Similarly, enhanced features are calculated for all speakers and data is fed to DBN for training.
A comparison is done between MFCC features and enhanced MFCC features. The results showed that when system is trained with enhanced MFCC features, the accuracy is much better at different SNRs as compared to the baseline MFCC features. The reason is that enhanced MFCC features are calculated by taking care of the variation in speech signal. It may be due to the intra speaker variability or due to the environmental effects. For clean speech signal the accuracy is about 94% for MFCC features and 97% is for enhanced MFCC features. At 15 dB, when MFCC features are used the accuracy is 56% and when enhanced MFCC features are used, the accuracy is 96%. It showed that accuracy decreases about half when there is variability in speech signals using MFCC features, but for enhanced MFCC trained DBN, the accuracy is almost same as for clean signals. This showed that system trained with enhanced MFCC features achieved good accuracy even in noisy conditions as shown in Table 10.
A comparison is done between proposed system and baseline system on standard dataset (TIDIGITS). Seyedin Sanaz et.al [8] have used features which are computed from minimum variance distortion less response (MVDR) spectrum by modifying the PLP technique known as PMSR features.
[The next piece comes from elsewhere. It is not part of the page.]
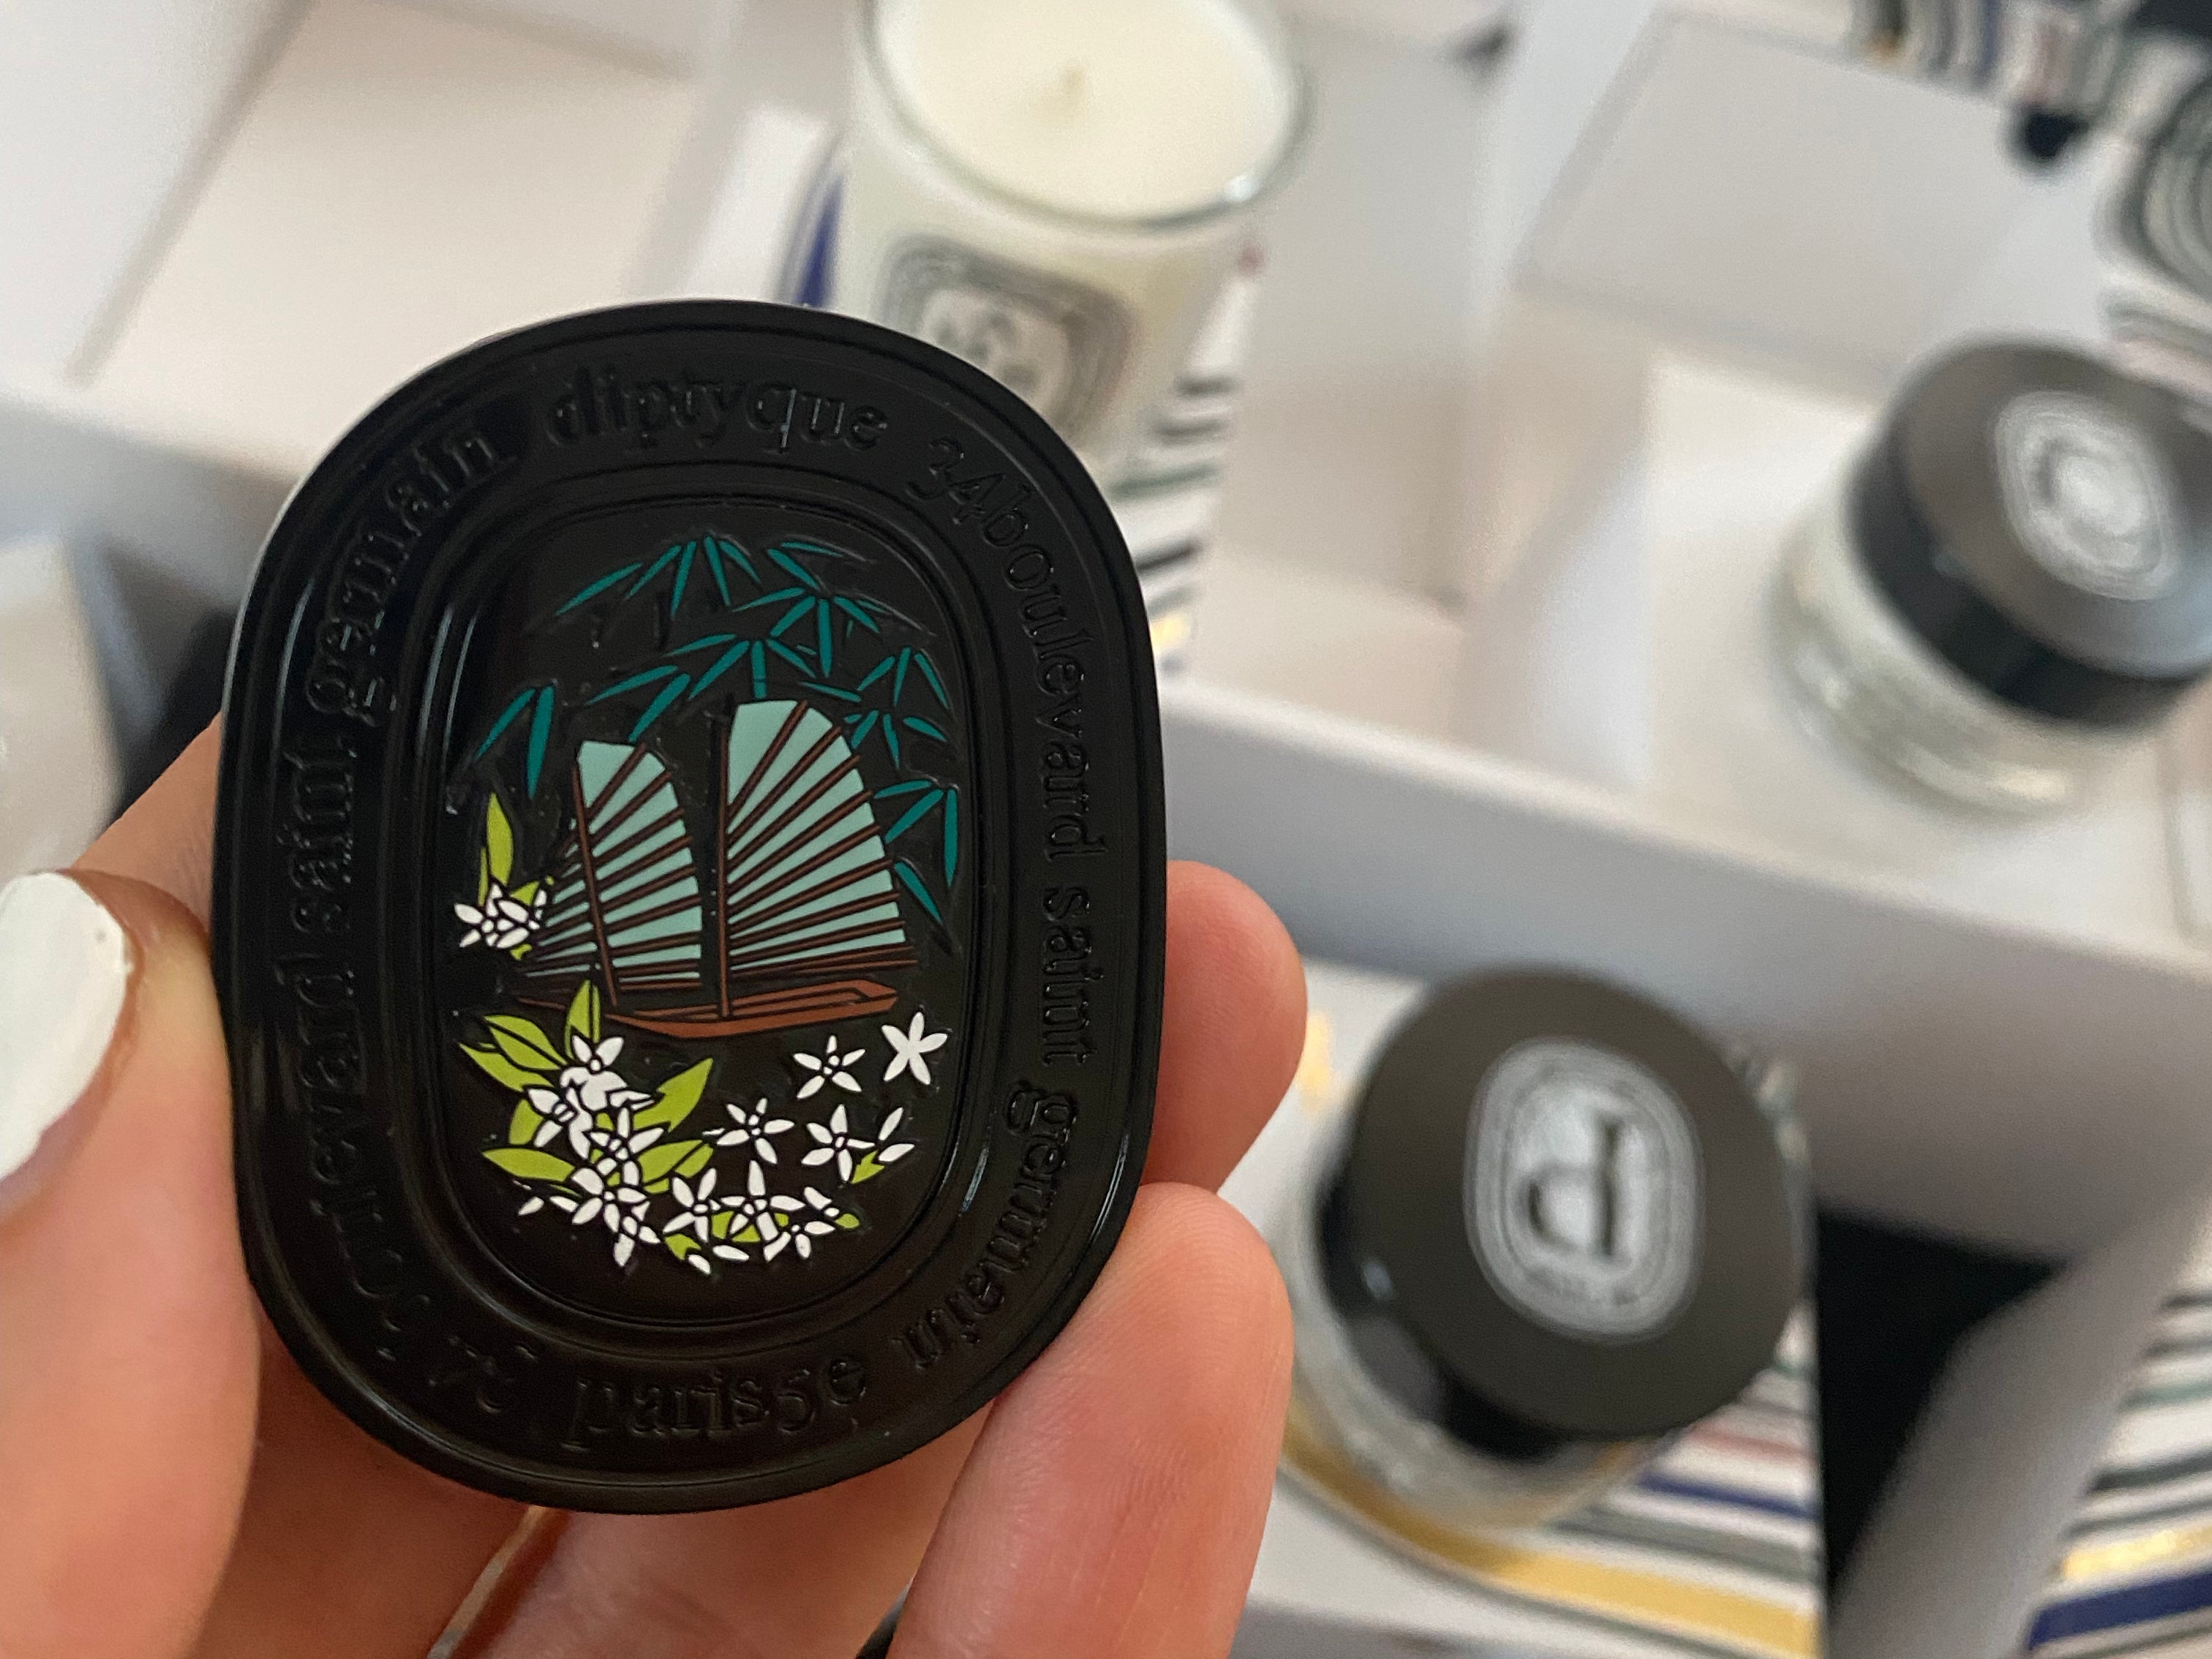 We’re huge fans of this refillable perfumed balm

In this weighting of sub band is modified to get MVDR spectrum and then LP coefficients are transformed to get robust PMSR (R-PMSR) features. A comparison is done between the R-PMSR, MFCC and proposed system using enhanced MFCC features at different SNRs as shown in Fig. 2.
The results showed that proposed system has achieved better accuracy at different SNRs when compared with baseline systems. As in baseline systems, the accuracy decreases sharply with high noise environment. But enhanced MFCC features worked well in noisy environment. Therefore, for real time applications where both intra speaker as well as environment effects are of greatest interest, enhanced MFCC features are the best.
5 Conclusion
In proposed work, enhanced MFCC features are calculated in terms of tolerance 1 and tolerance 2. The recognition accuracy improves around 3% when enhanced MFCC features are used as compared to baseline MFCC features. Experimentation is done on TIDIGITS. Deep belief network is used for the classification purpose. Comparison is done between proposed technique and existing techniques. Baseline system using MFCC features has given 94.59% accuracy, R-PMSR feature based system has given 95.12% accuracy and enhanced MFCC based system has given 97.29% accuracy.
Availability of data and material
TIDIGITS dataset is an open source.
Code availability
Readers may ask.
References
Rabiner, L., & Juang, B. H. (1993). Fundamentals of speech recognition. Hoboken: Prentice-hall publishers.
Siniscalchi, S. M., Svendsen, T., & Lee, C. H. (2014). An artificial neural network approach to automatic speech processing. Neurocomputing, 140, 326–338.
Dede, G., and Sazlı, M. H. (2015). "Speech recognition with artificial neural networks," Proceedings of the Annual Conference of the International Speech Communication Association, INTERSPEECH, 20(3), 763–768.
Richardson, F., Member, S., Reynolds, D., & Dehak, N. (2015). Deep neural network approaches to speaker and language recognition. IEEE Signal Processing Letters, 22(10), 1671–1675.
Yao, Z., Wang, Z., Liu, W., Liu, Y., & Pan, J. (2020). Speech emotion recognition using fusion of three multi-task learning-based classifiers: HSF-DNN, MS-CNN and LLD-RNN. Speech Communication, 120, 11–19.
Nascimento, T. P., & Stefanoy, D. (2011). Speech Recognition using Artificial Neural Networks. Simposio Brasileiro de Automaçao Inteligente, 10, 1316–1321.
Guojiang, F. (2011) "A novel isolated speech recognition method based on neural network". 2nd International Conference on Networking and Information Technology, Singapore, 17, 64–69.
Seyedin, S., Mohammad, A., and Gazor, S. (2011) "New features using robust MVDR spectrum of filtered autocorrelation sequence for robust speech recognition". The Scientific World Journal, p.1–11.
Salakhutdinov, R., & Hinton, G. (2012). An efficient learning procedure for deep Boltzmann machines. Neural Computation, 24(8), 1967–2006.
Huang, X., & Deng, L. (2010). Handbook of natural language processing. An Overview of Modern Speech Recognition., second edition (pp. 339–367). CRC publishers.
Hinton, G. E., Osindero, S., & Teh, Y.-W. (2006). Fast learning algorithm for deep belief nets. Neural Computation, 18, 1527–1554.
Keyvanrad, M. A., & Homayounpour, M. M. (2014) “A brief survey on deep belief networks and introducing a new object-oriented MATLAB toolbox (DeeBNet)”, p. 1–25.
Le Cun, Y., Yoshua, B., & Geoffrey, H. (2015). Deep learning. Nature, 521(7553), 436–444.
Cai, M., & Liu, J. (2016). Maxout neurons for deep convolutional and LSTM neural networks in speech recognition. Speech Communication, 77, 53–64.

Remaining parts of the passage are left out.